Another way to water is to hand water. This is something I do to supplement my more permanent watering set ups. But if you live somewhere really dry and/or hot you can end up with a weak garden because of water stress. If you forget or get busy or can’t get out there, for whatever reason, your garden will go through boom and bust depending on when you can make it outside to water. Like I said at the beginning of this paragraph: I do use hand watering, but not for my entire garden and not as the only way I water. There are always a few plants that need more water than my soaker hoses give them and I’ll hand water those plants or just hit the bottoms of plants when our temps get high, like today: it was 103 degrees.
Another way to water is from beneath. If you have ever seen the (“Hello, fellow gardener’s!”) YouTube channel “Gardening With Leon” he has a wicking system for constant watering from below. I’ve seen this in large scale, on other blogs, as full sized beds lined with pond liner. This is probably the most efficient way to water, but I recommend building a few of Leon’s pots to get a feel for how his wicking watering system works. You can find him here: https://youtu.be/s638_LDzOjM
On an aside: Leon is in Oklahoma, I grew up in north Texas. My grandfather, who was a farmer, farmed in Kansas, so I remember the cadence and the words he uses. It’s a blend of my accent as a kid and my grandpa’s. He dresses like my grandpa did, too.

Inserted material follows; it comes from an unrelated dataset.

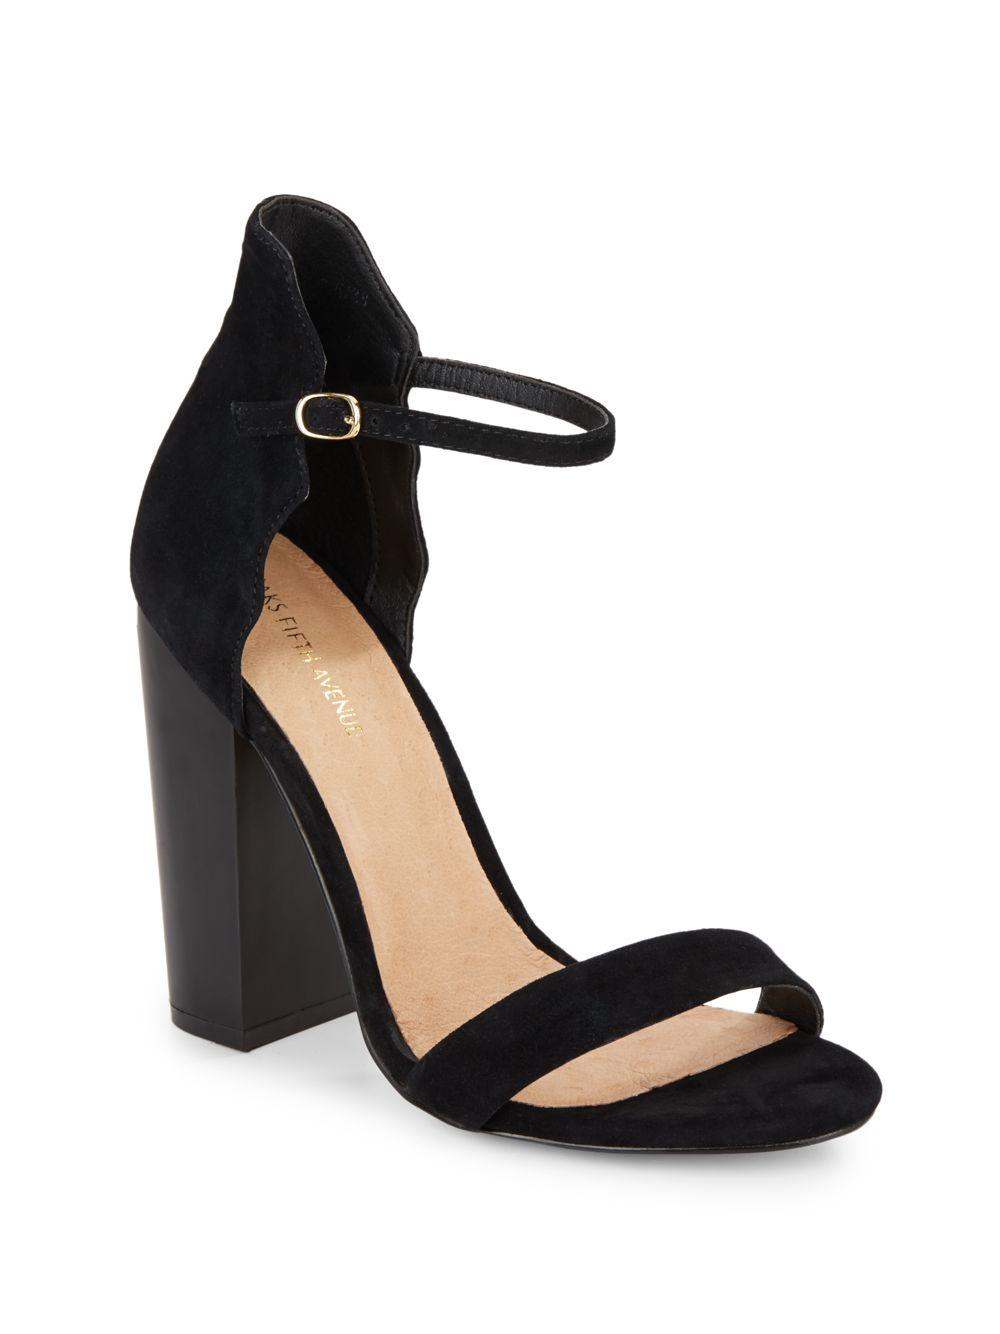 7f22c6c97b31 Lyst - Saks Fifth Avenue Suede Sandals in Black

I feel like I’m in a time machine whenever I watch him. Leon reminds me of going to the coffee shop, early in the morning, with my grandpa and “jawing” with the other local farmers. I would sit and listen, and all of these guys who had farmed their whole lives would talk about the latest harvest prices, local gossip and politics. Those are some of my favorite memories. Anyway. Leon is fun to listen to and he has decades more experience than most of us.
I actually thought about doing wicking beds when I built my last two beds, but my kids and I built the beds and I wasn’t really interested in leveling and filling a full sized bed with that method. I really recommend it for pots of all sizes (my mother uses Leon’s wicking water system for indoor pots because she travels a lot), but on a 6×12 foot bed, it would be a big undertaking.
However, I will be adding some pots to my porch, according to Leon’s instructions, that are wicking. Right now I only have things in pots that I bring inside for the winter and wicking tubs can’t be moved when they’re full of water. I’ll make some this fall and keep my cooler veggies and herbs in them and leave them out on the porch.
I also have an area that used to be a playground for my kids. I’m going to tear out that rotting wood play structure and create longer wicking tubs for that area (because there’s no sprinkler water out there) I’m also planning on raising fish. I know: “Look! Squirrel!” I’m easily distracted. Anyway, back to watering.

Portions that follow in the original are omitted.